В 1475 году, когда турки угрожали потоптать ногами и копытами своих коней всю Европу, они отняли Кафу у генуэзцев. И стала Кафа — Кефе — гордость и слава правоверных. К тому, что дали Кафе генуэзцы, турки прибавили еще своего, своей роскоши и своего восточного блеска: воздвигли богатые мечети с высокими минаретами, роскошные здания бань... И стала Кефе Крым-Стамбулом, или Кучук-Стамбулом, — малым Константинополем... Она насчитывала в себе до восьмидесяти тысяч жителей; в ее порту часто стояло до семисот судов... Богатство и внешняя роскошь поражали глаз, пугали непривычного...
И вот этот-то волшебный город предстал во всей своей чарующей красе и во всем своем многолюдстве перед глазами наших «сіромах» — Сагайдачного и Олексия Поповича.
Пройдя вместе с прочими, сновавшими из города в город, под массивными крепостными воротами, татарами, турками, армянами, греками и эфиопами в своих до невообразимости пестрых нарядах и лохмотьях, наши казаки вступили в кипучий, блестящий и смрадный, полуевропейский, полуазиатский муравейник, который оглушал и ошеломлял разнообразием, дикою нескладностью шума, говора, криков, возгласов и какой-то адской музыки, которою звучали узкие, запруженные народом и скотом улицы, широкие, как бы заваленные снующим и гамящим людом площади и площадки. Лязг и брязг всевозможного оружия, железа, стали, меди, серебра и золота, которым обвешивал себя дикий человек, живший больше чужою кровью, чем своим трудом и потом, скрип арб, способный вымотать всю душу, ржание лошадей, ослиный рев, крики погонщиков, водоносов, всевозможных продавцов, хлопанье бичей, дикие взвизги и выкрикиванья дервишей, около которых толпились кучи ротозевающих правоверных, и в довершение всего этого ноющий и режущий душу скрипучий невольницкий плач где-то, который отчетливо выделялся из этого адского хаоса звуков и точно резанул по сердцу наших казаков, — вот первое, что встретило их в этом городе неволи и христианского плача.
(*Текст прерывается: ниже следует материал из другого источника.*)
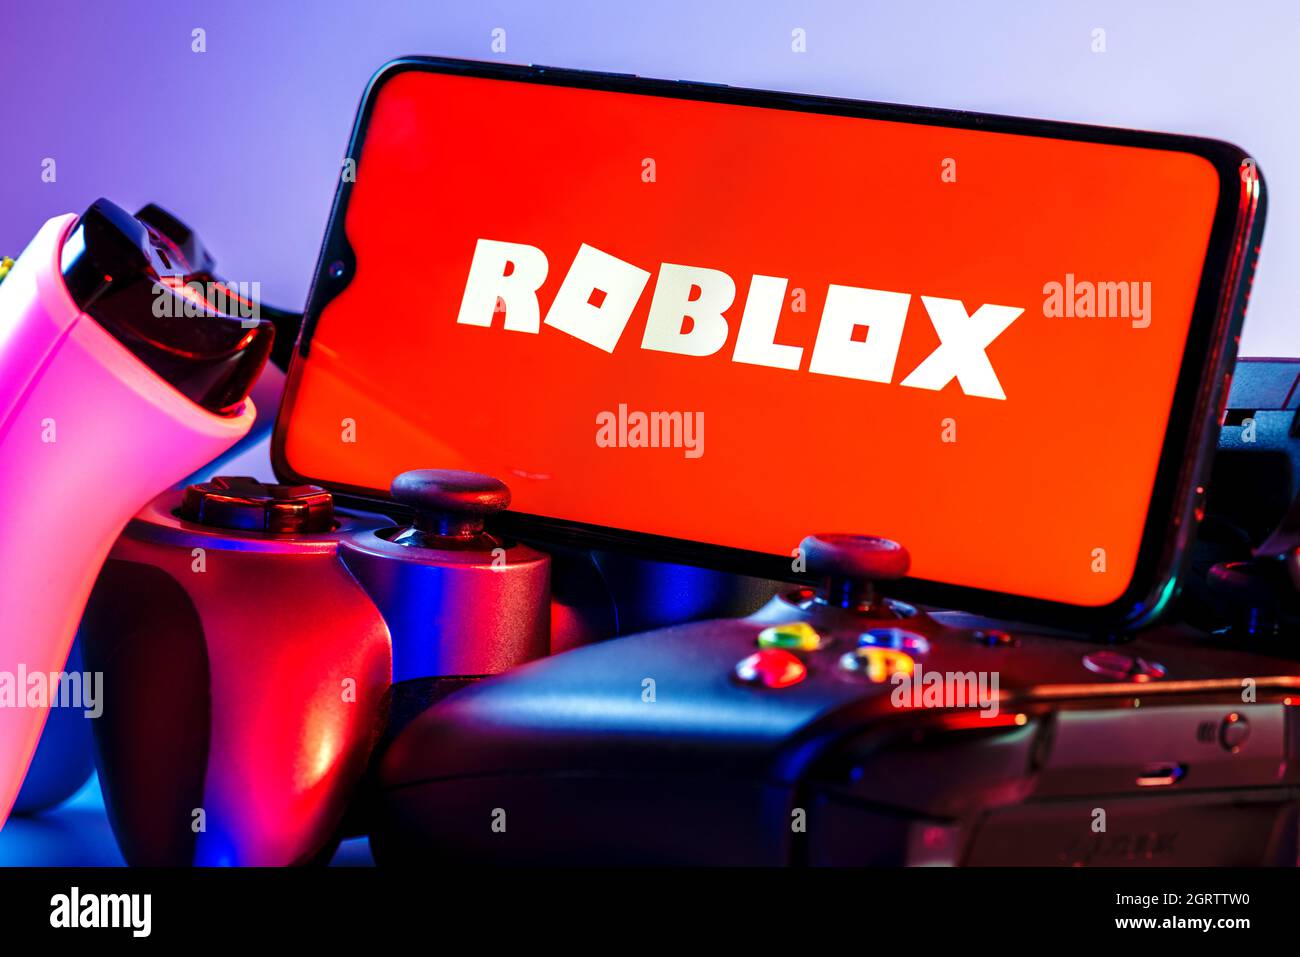 What Platforms Can I Play Roblox On?

Самое роскошное воображение поэта не может представить себе того, что поражало наших странников на каждом шагу: роскошные генуэзские здания и дворцы, испещренные и обезображенные восточною, какою-то сверкающею, режущею глаз роскошью, золото и грязь, гранит и мусор, шелк, весь залитый золотом, и нагота, загорелая, пыльная, жалкая нагота, сквозящая и сверкающая из-за лохмотьев; жаркое солнце, еще ярче выставляющее всю эту дикую пестроту, громоздкость и грубую раззолоченность; наглые лица пашей и янычар; черные со страшными белками курчавых евнухов и пугливые, приниженные лица рабов и невольников; журчащие фонтаны и где-то знакомый плачущий под треньканье бандуры голос — свой, родной голос среди этого ада чуждых звуков и голосов; красные, словно кровавые, фески на черномазых лицах, раззолоченные и увешанные шнурами и всякой мишурой куртки, пестрые, белые, зеленые чалмы над седыми и красными бородами и горящими диким блеском глазами азиатов, яркость позументов на кафтанах и халатах, позолоченный сафьян богатого сапога и плетеный из осоки лапоть пленного москаля, оружие на золотых цепях пашей и железные цепи на ногах и на руках, а иногда и на горле у людей; лошади, наряженные в шелк и златоглав [
Но нет... вот оно, милое женское личико под кипарисом, в тени — и личико плачущее...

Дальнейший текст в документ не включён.